-- ACTION ITEM --
Once the line holding "2.纳入北京市碳排放权交易管理的2023年度一般报告单位名单_01" appears, repeat it and each line after it to the end of the data, exactly and with nothing else; pictures stay out.

-- DATA PROVIDED --
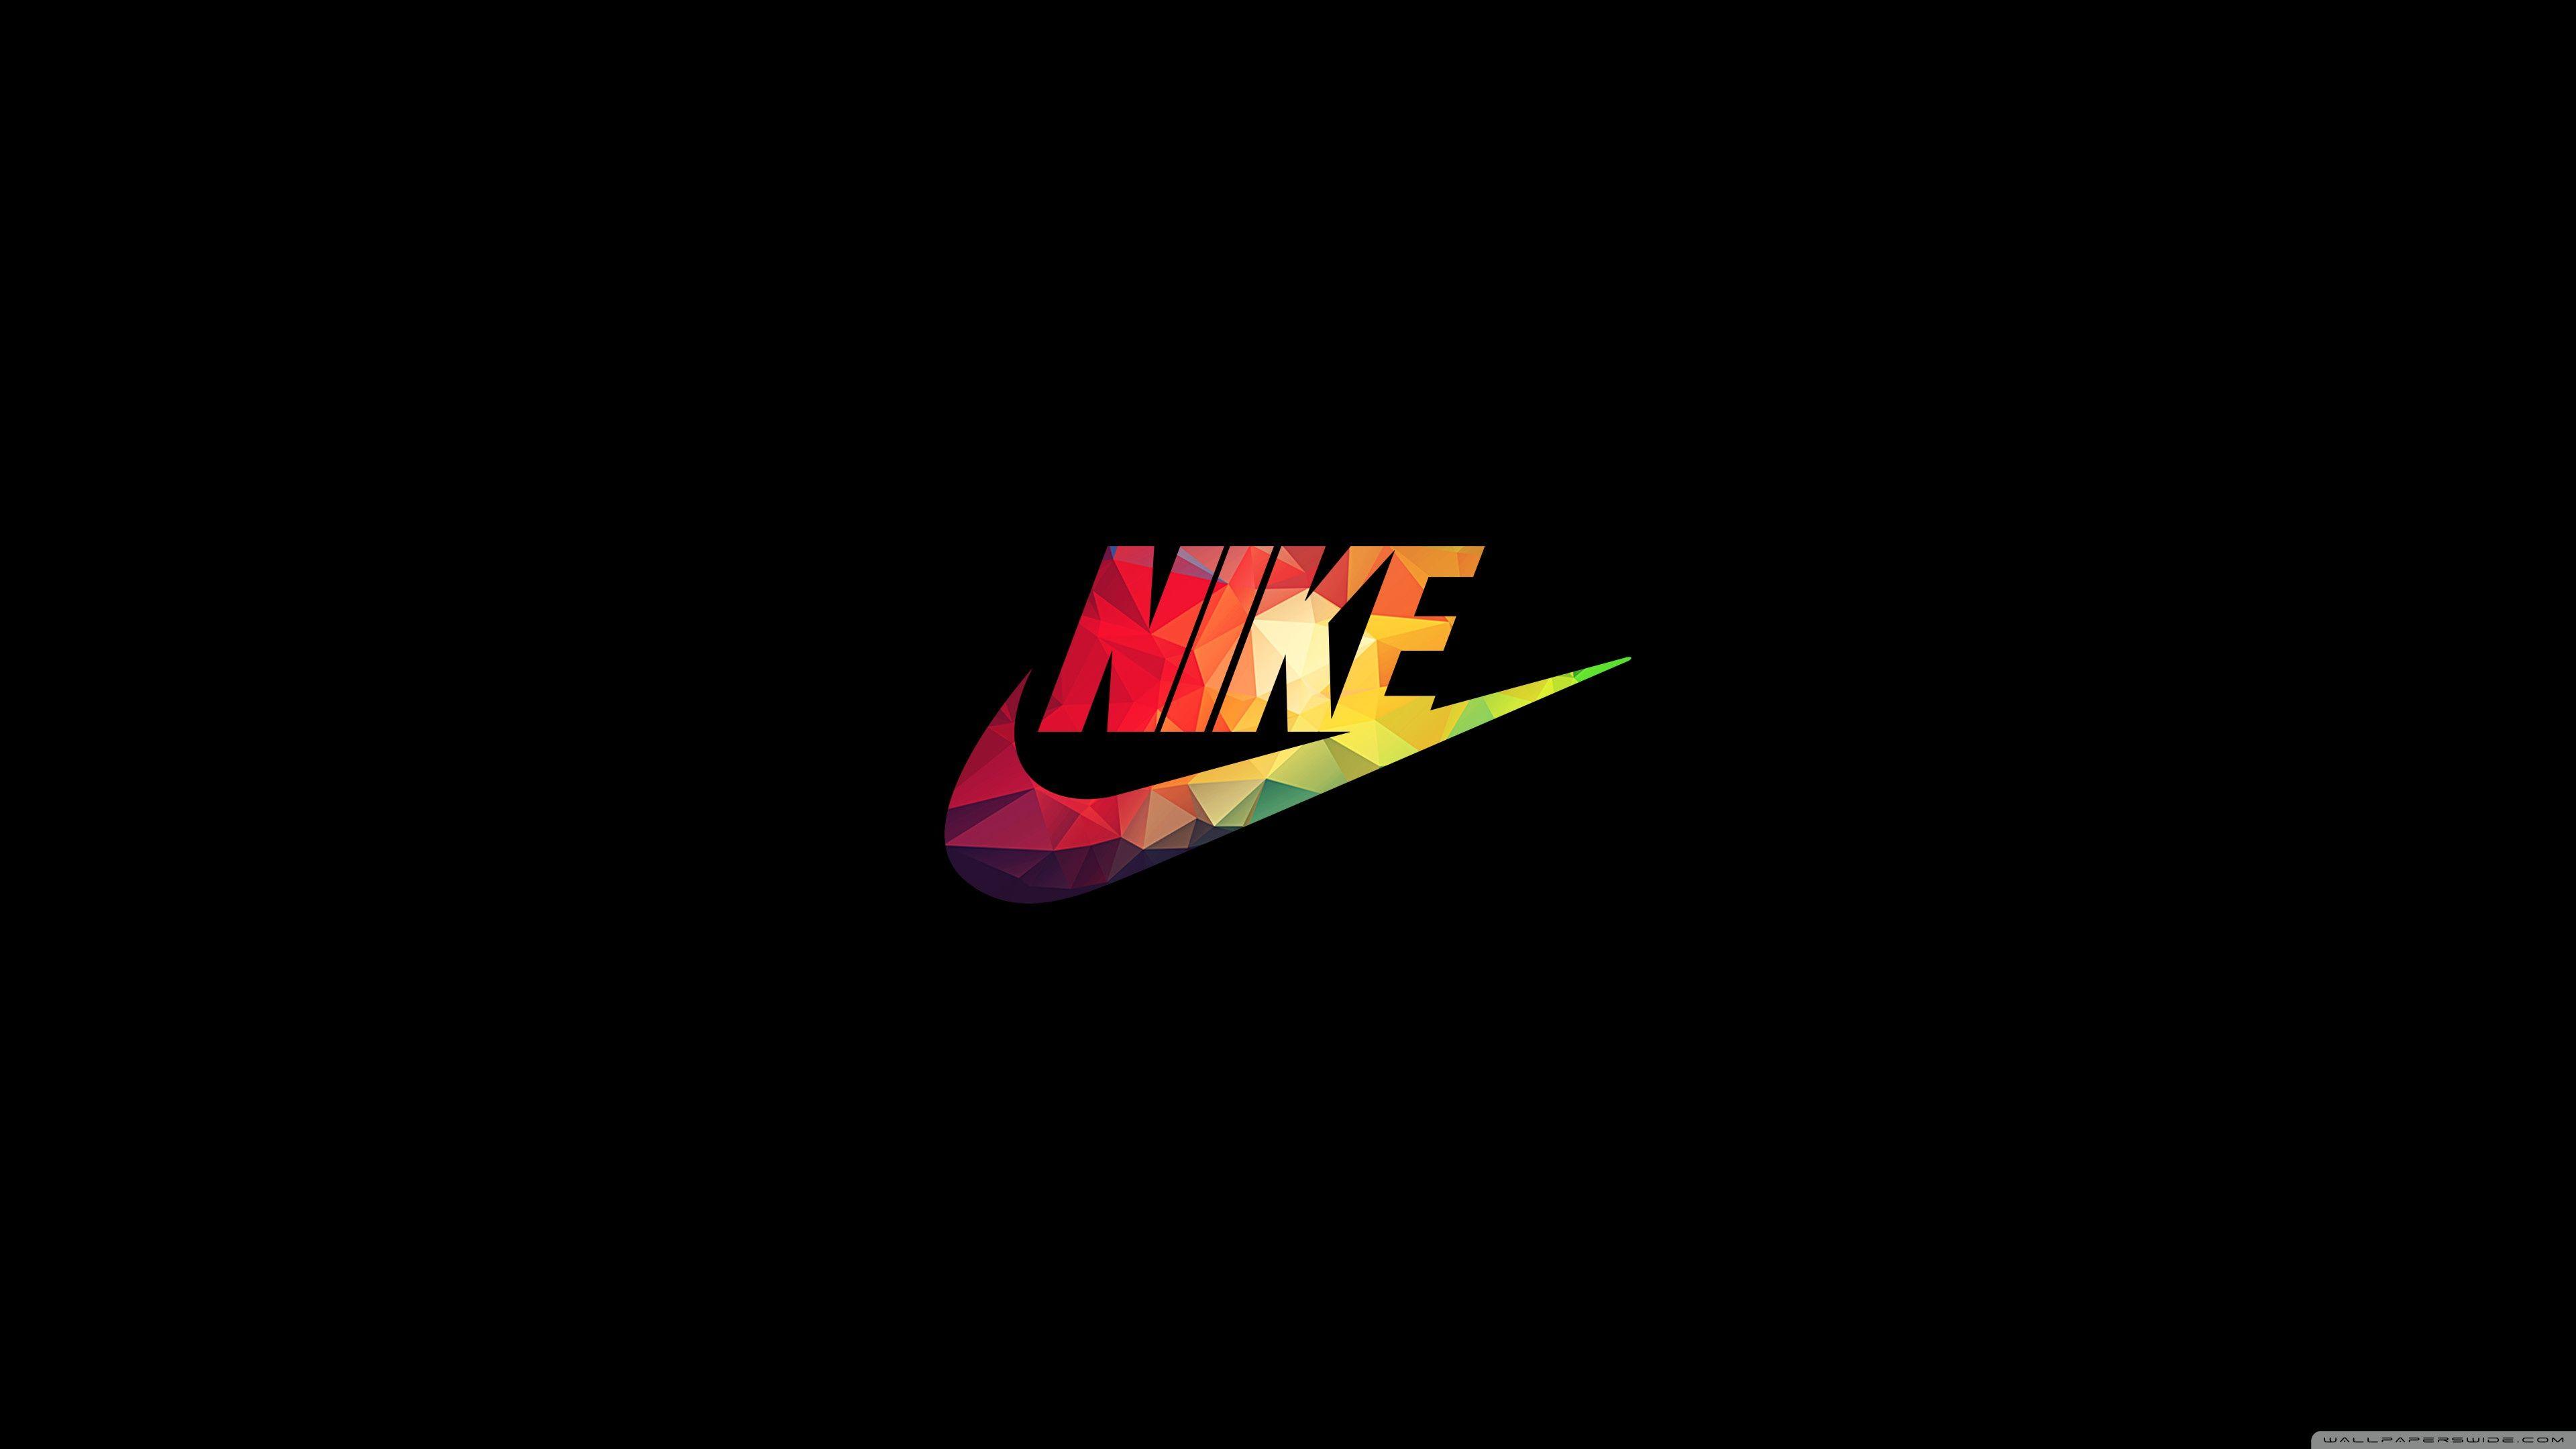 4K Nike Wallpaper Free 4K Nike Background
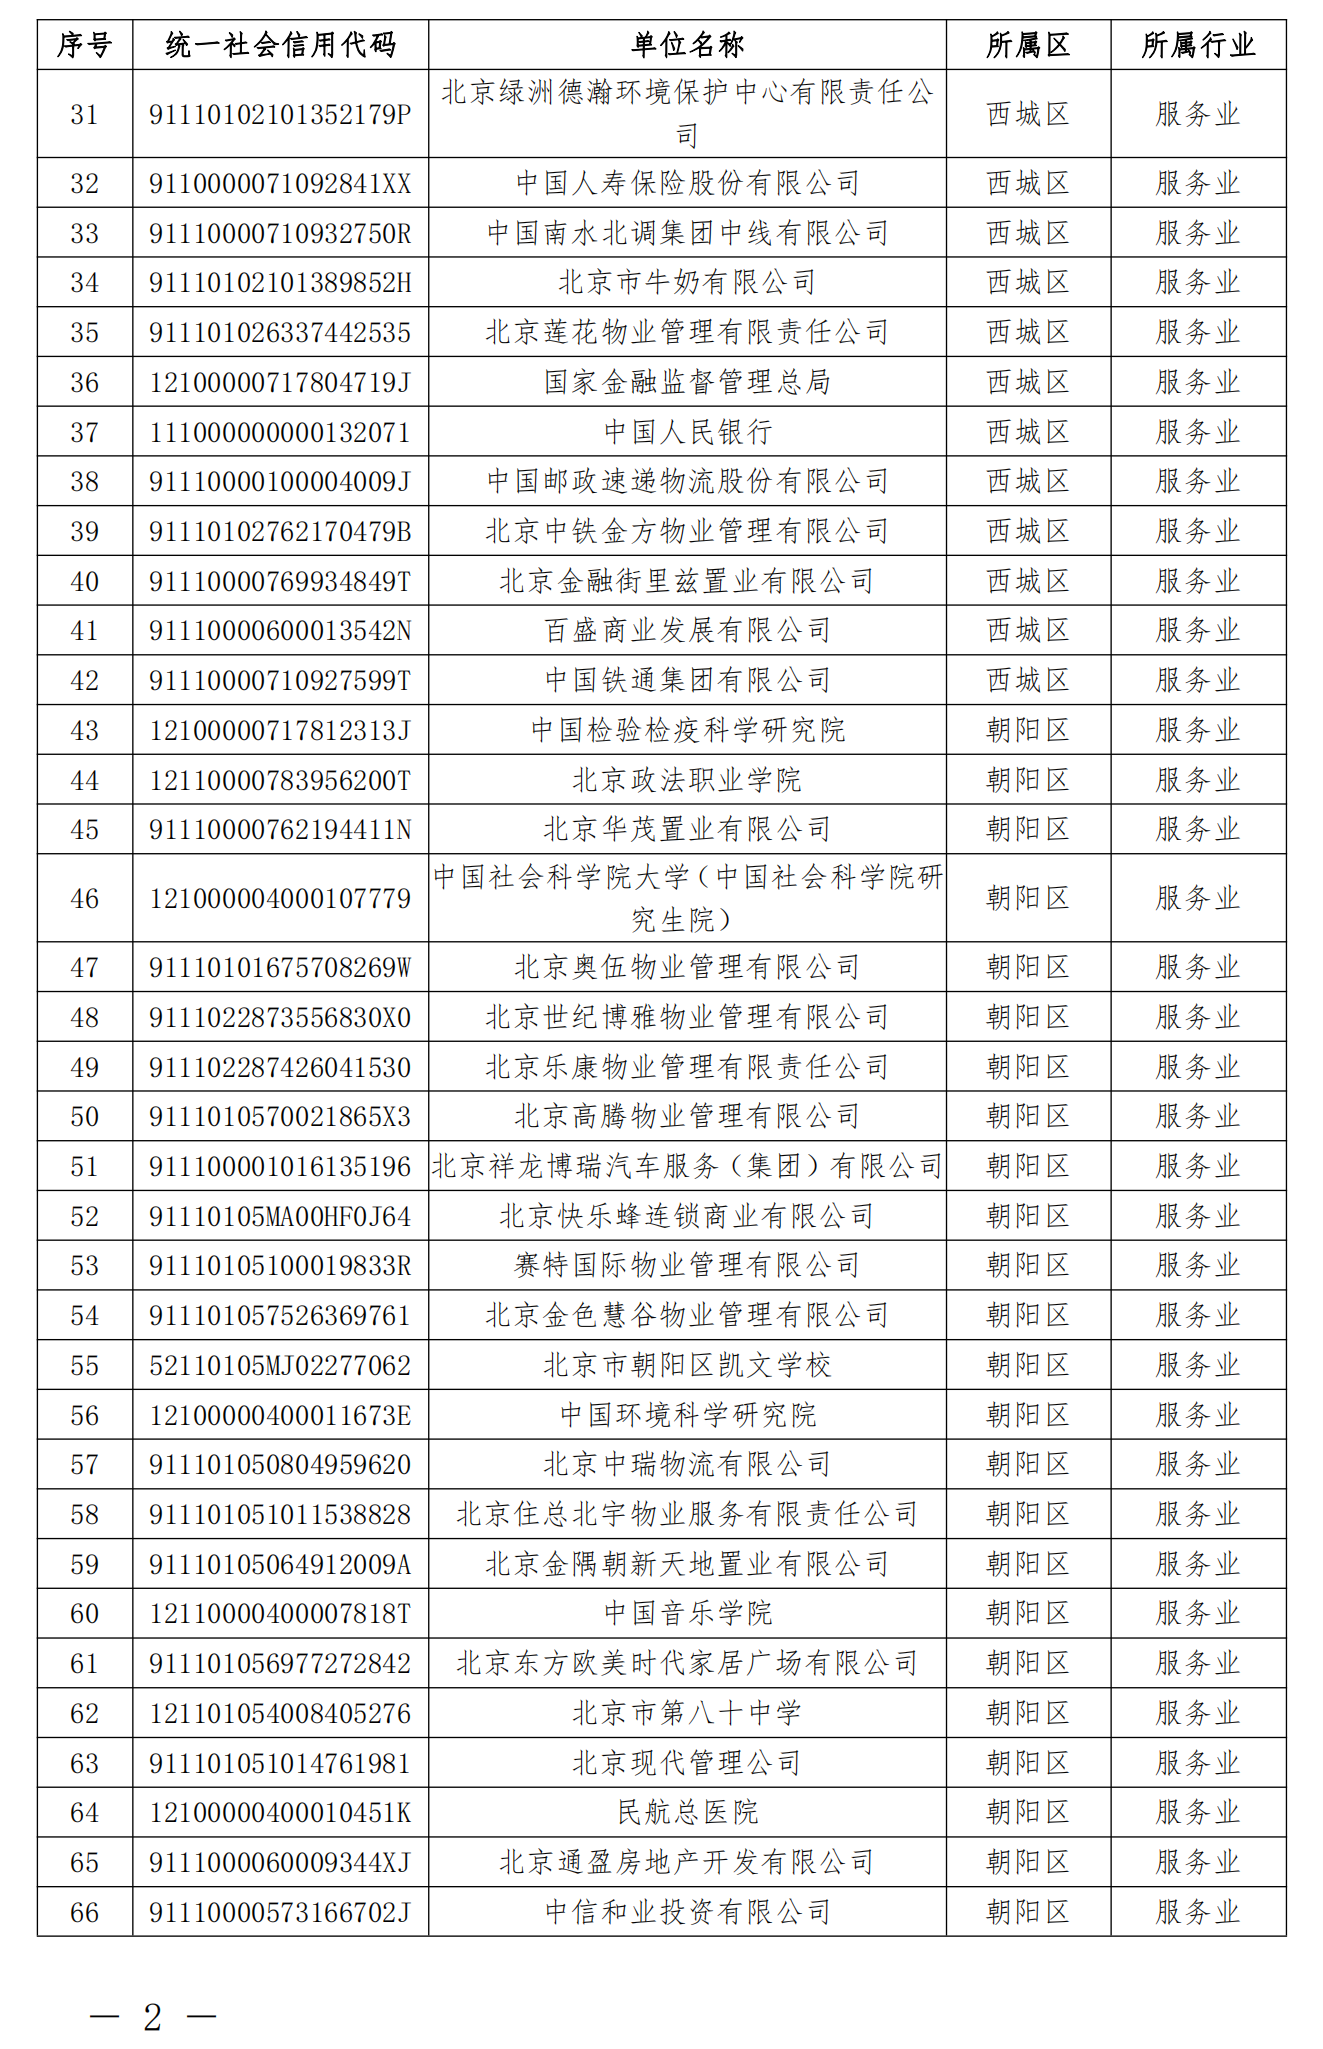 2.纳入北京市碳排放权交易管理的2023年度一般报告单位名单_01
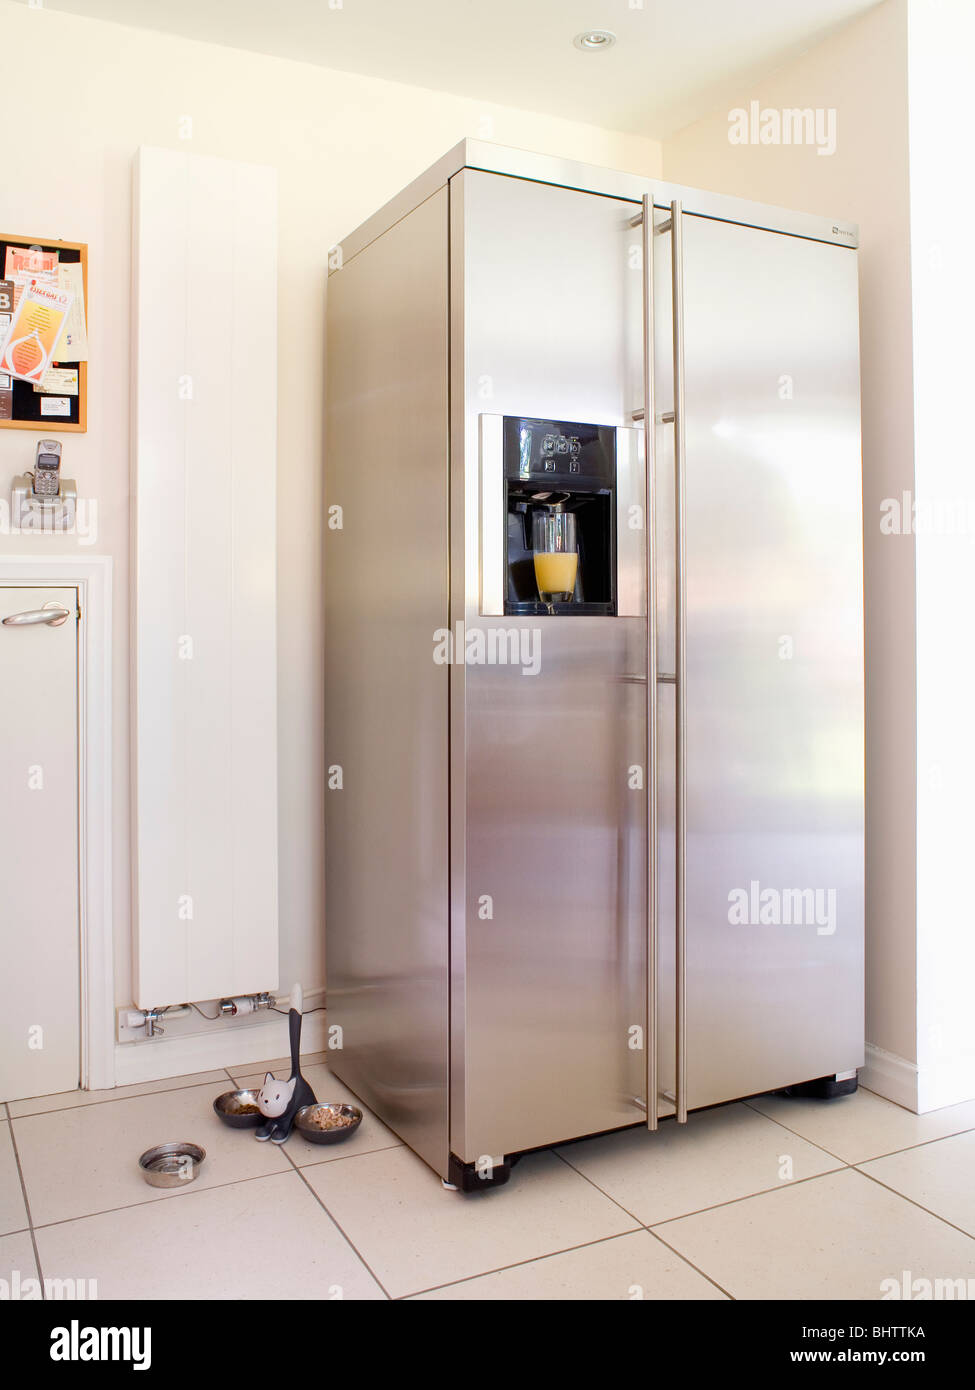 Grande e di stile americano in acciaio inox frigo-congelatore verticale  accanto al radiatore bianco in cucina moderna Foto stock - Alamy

-- SOLUTION TO THE EXERCISE --
 2.纳入北京市碳排放权交易管理的2023年度一般报告单位名单_01
 Grande e di stile americano in acciaio inox frigo-congelatore verticale  accanto al radiatore bianco in cucina moderna Foto stock - Alamy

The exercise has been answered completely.